(Beginning of DATASET SECTION)
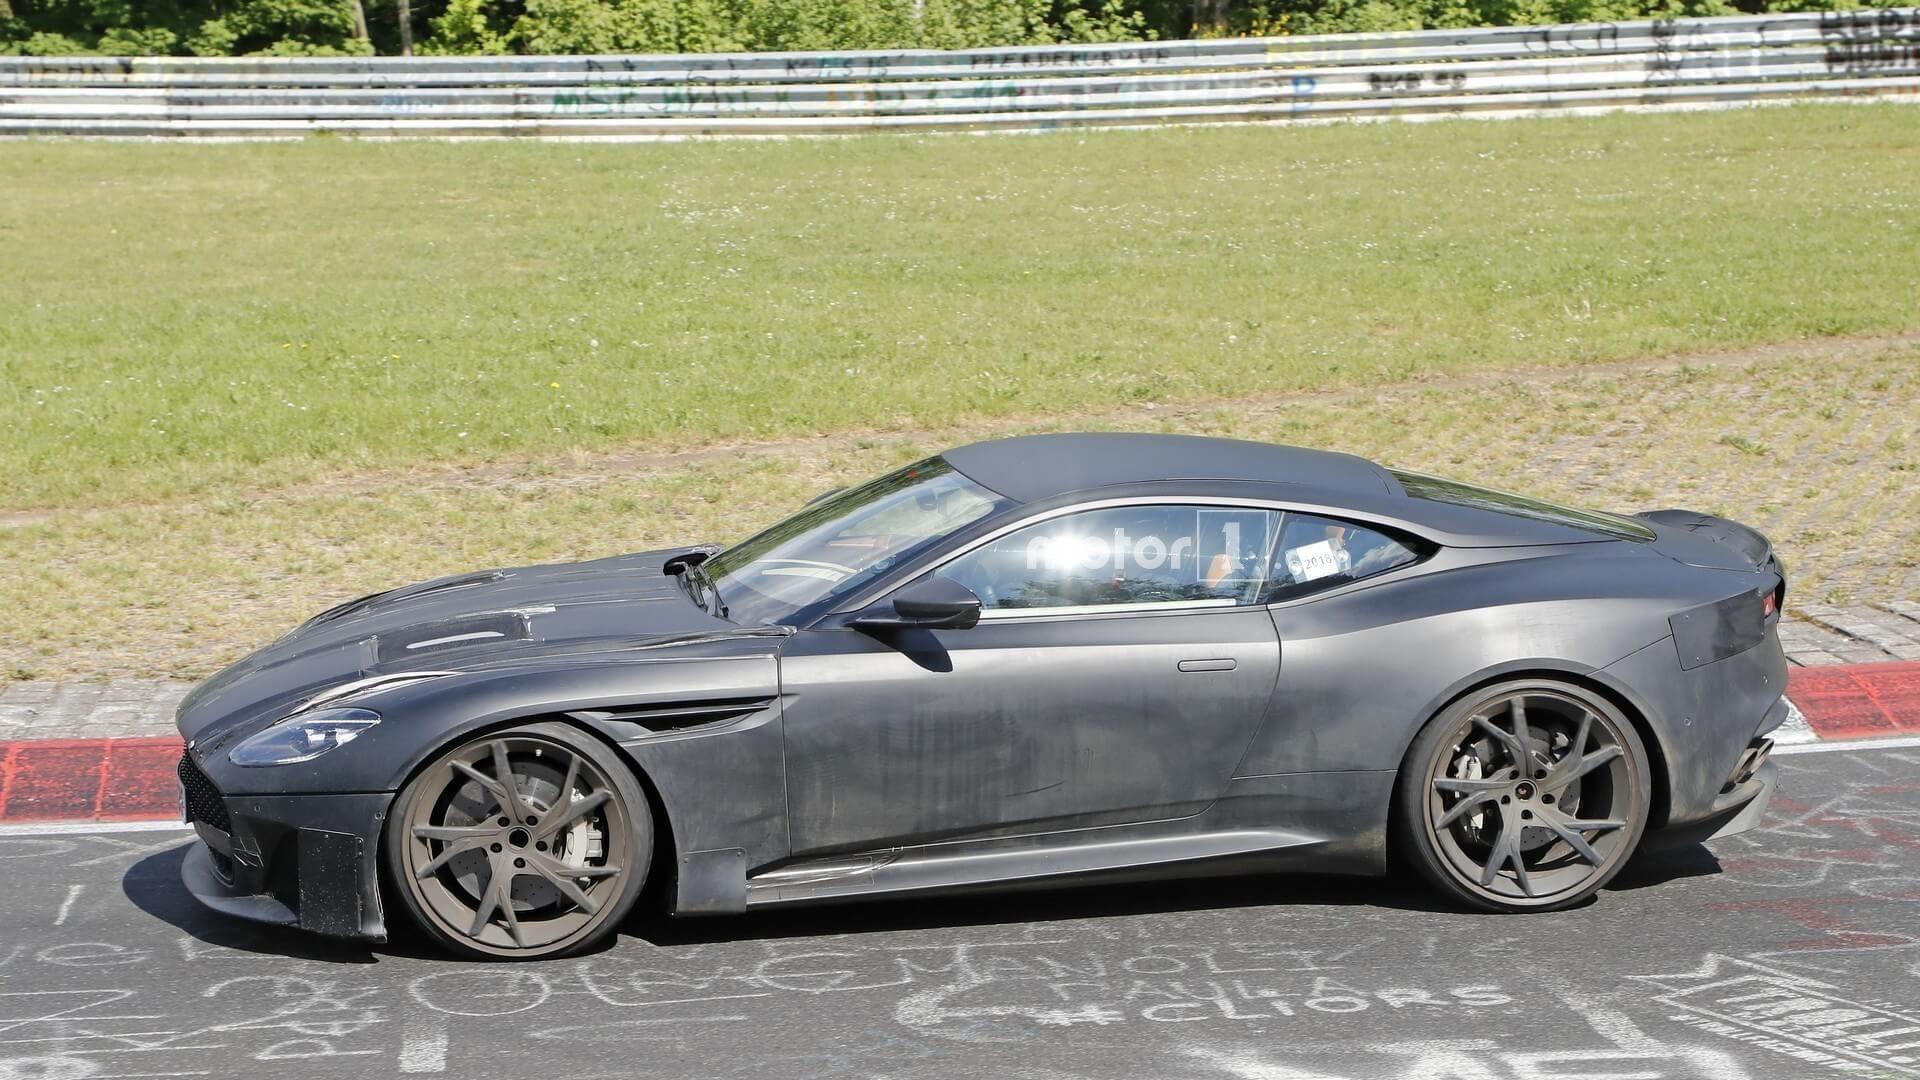 Tra 5 giorni Aston Martin presenterà la nuova DBS Superleggera!
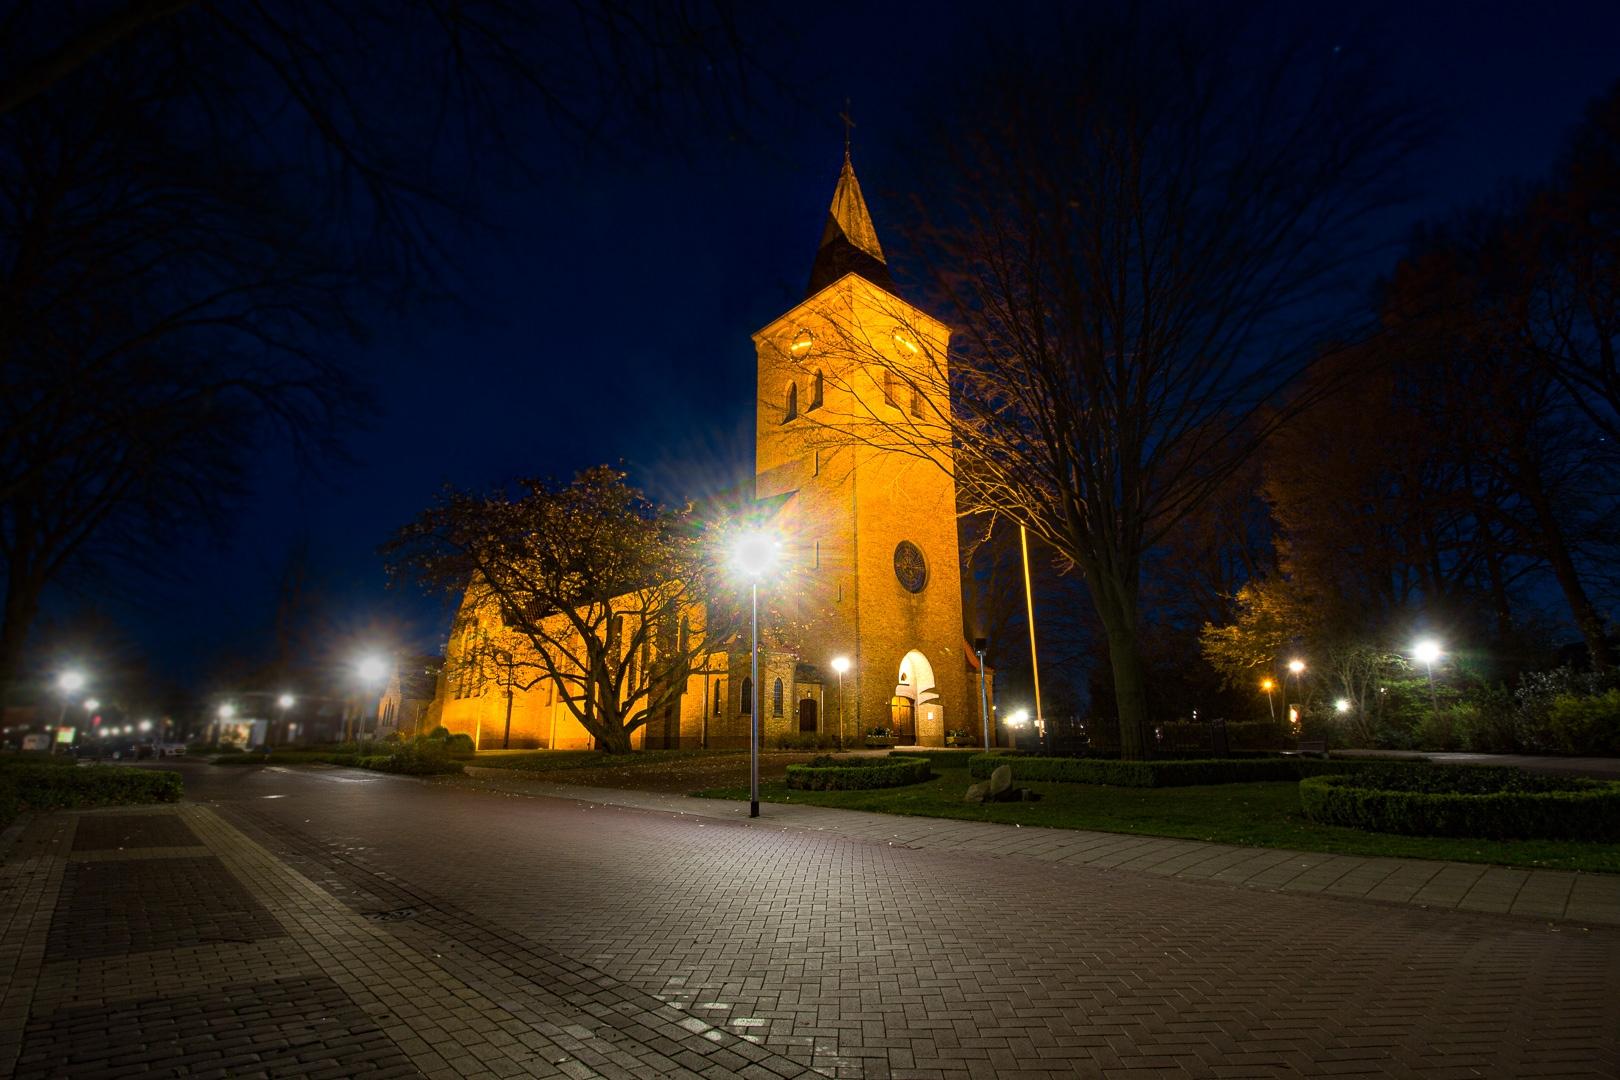 Lednovate Kerk Rossum 1 - Kerk
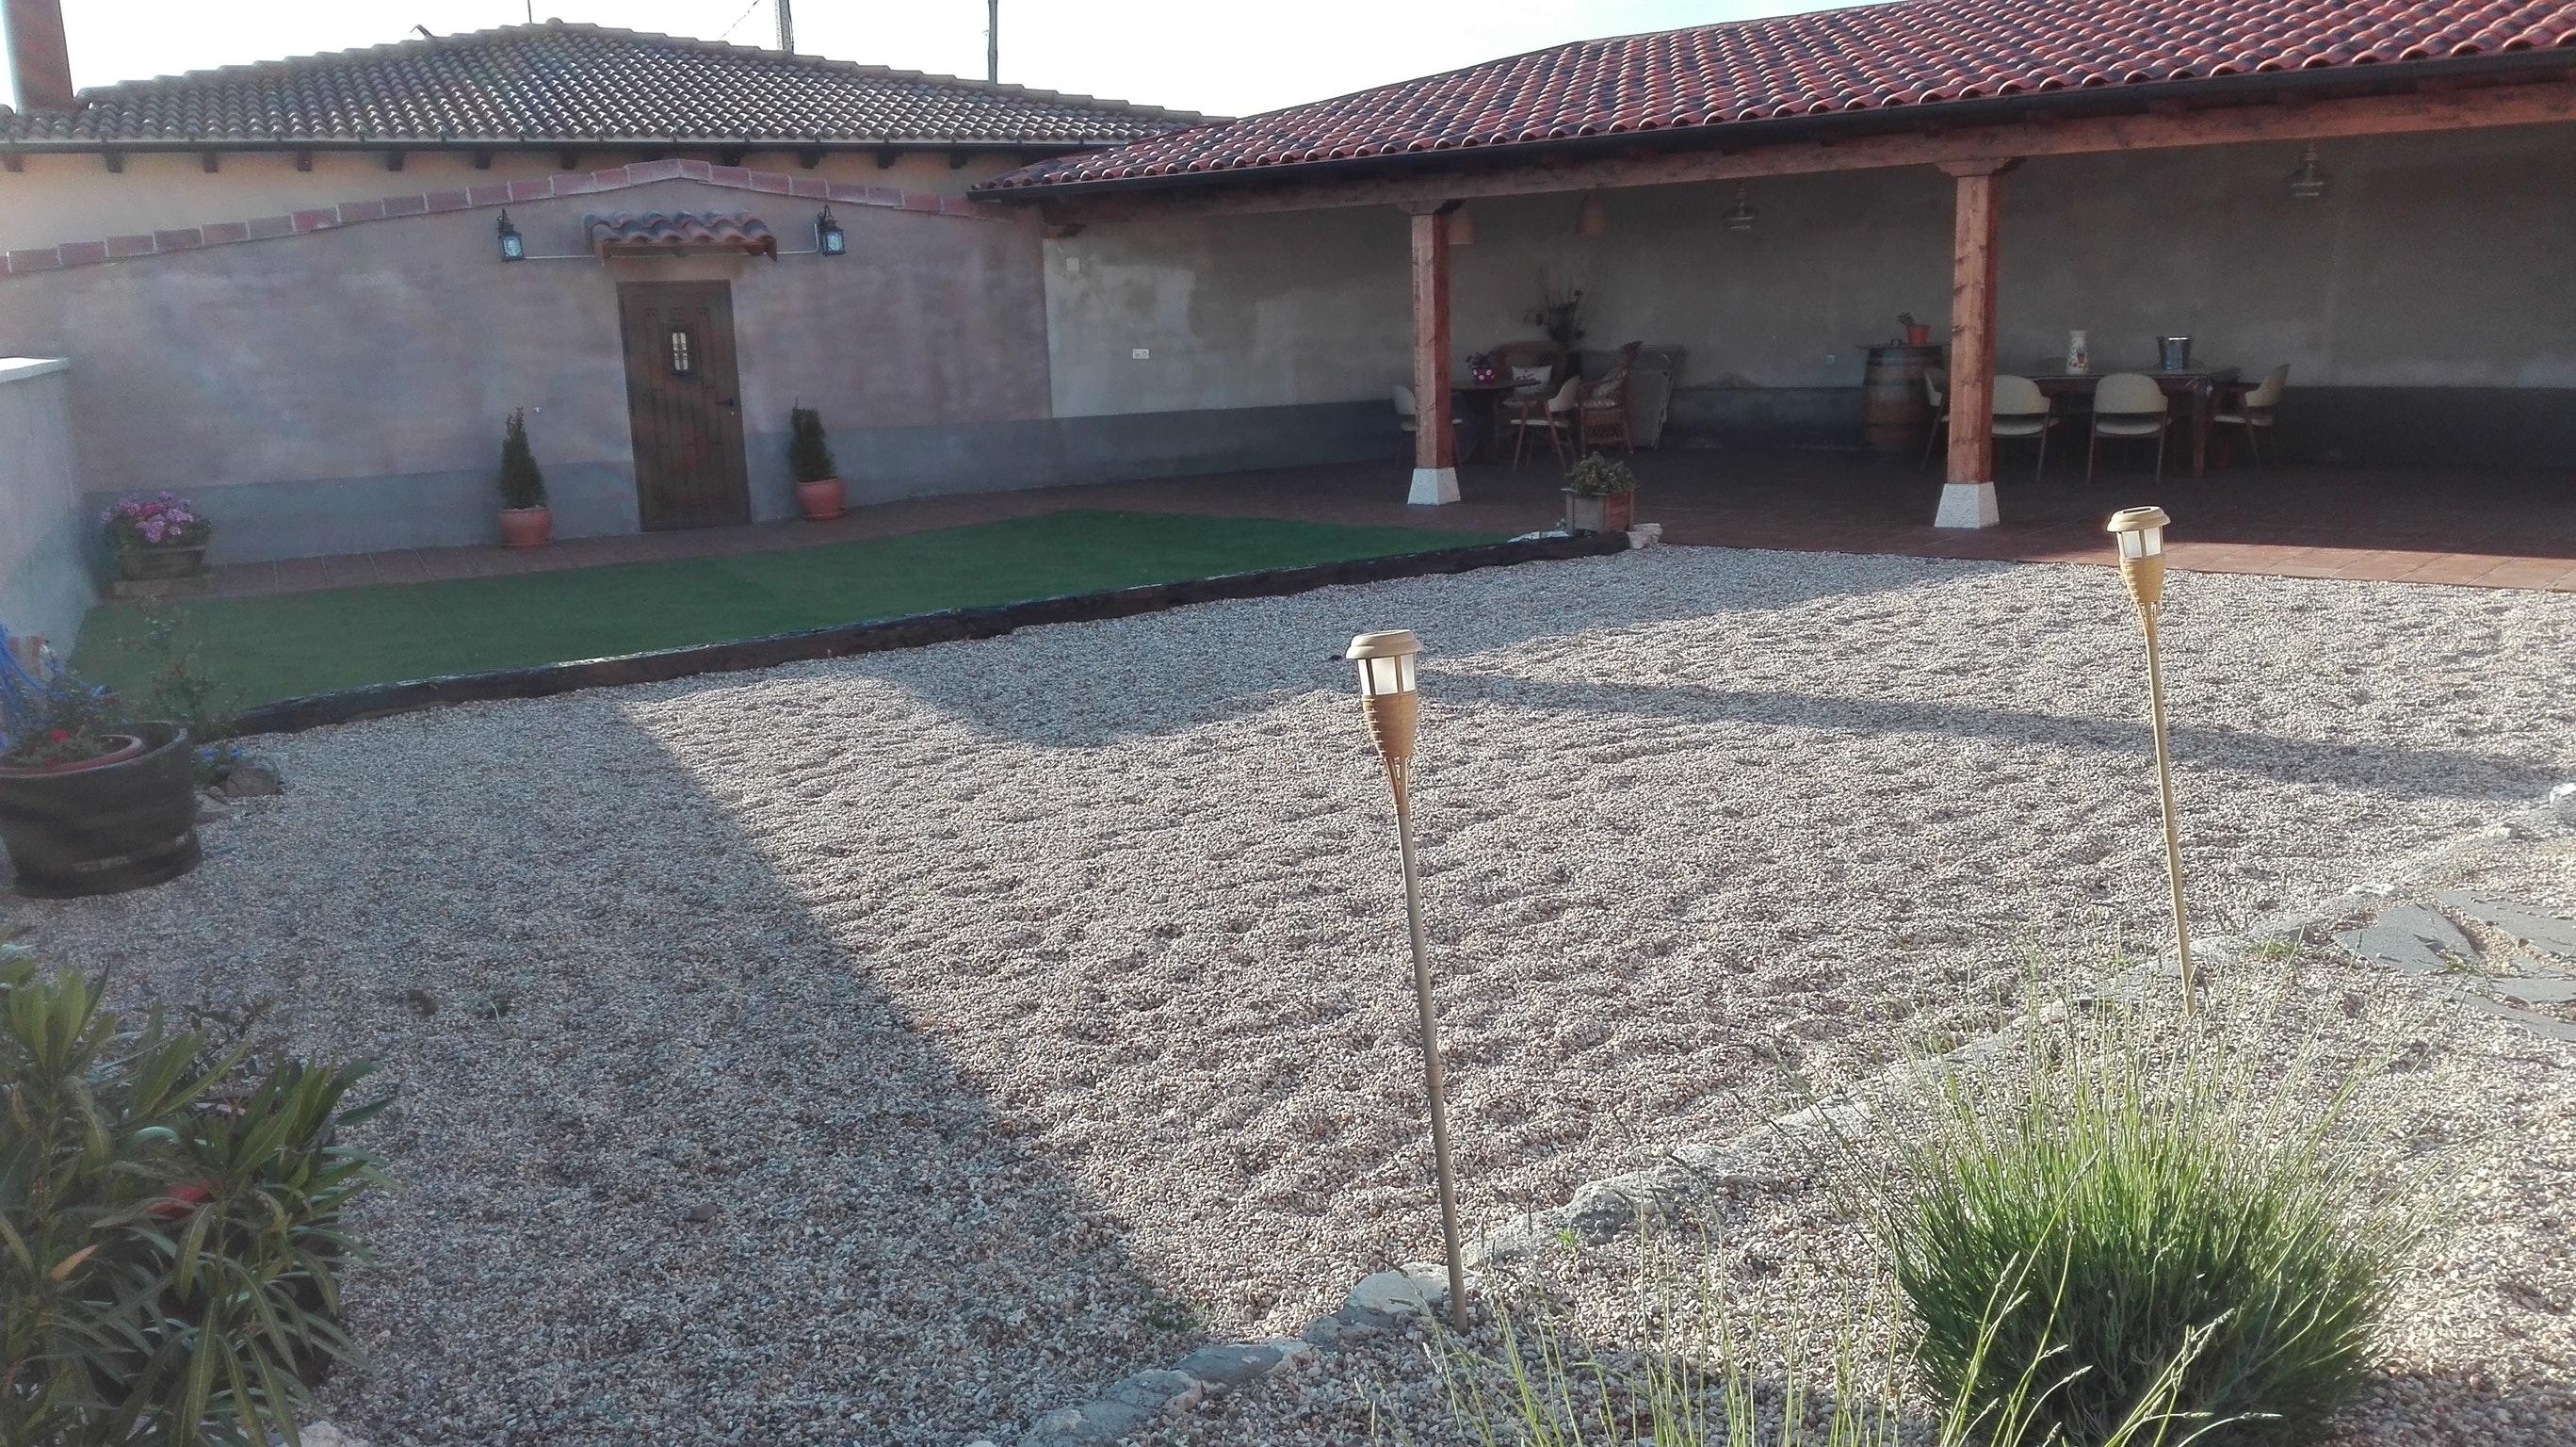 Ferienhaus Haus mit 3 Schlafzimmern in Peral de Arlanza mit eingezäuntem Garten (2201640), Peral de Arlanza, Palencia, Kastilien-León, Spanien, Bild 10
(End of DATASET SECTION)
**WHAT YOU HAVE TO DO**
Leaving every picture aside, transcribe exactly the lines from the one that contains "Lednovate Kerk Rossum 1 - Kerk" through the final line of the listing above, inclusive.

**TASK OUTPUT**
 Lednovate Kerk Rossum 1 - Kerk
 Ferienhaus Haus mit 3 Schlafzimmern in Peral de Arlanza mit eingezäuntem Garten (2201640), Peral de Arlanza, Palencia, Kastilien-León, Spanien, Bild 10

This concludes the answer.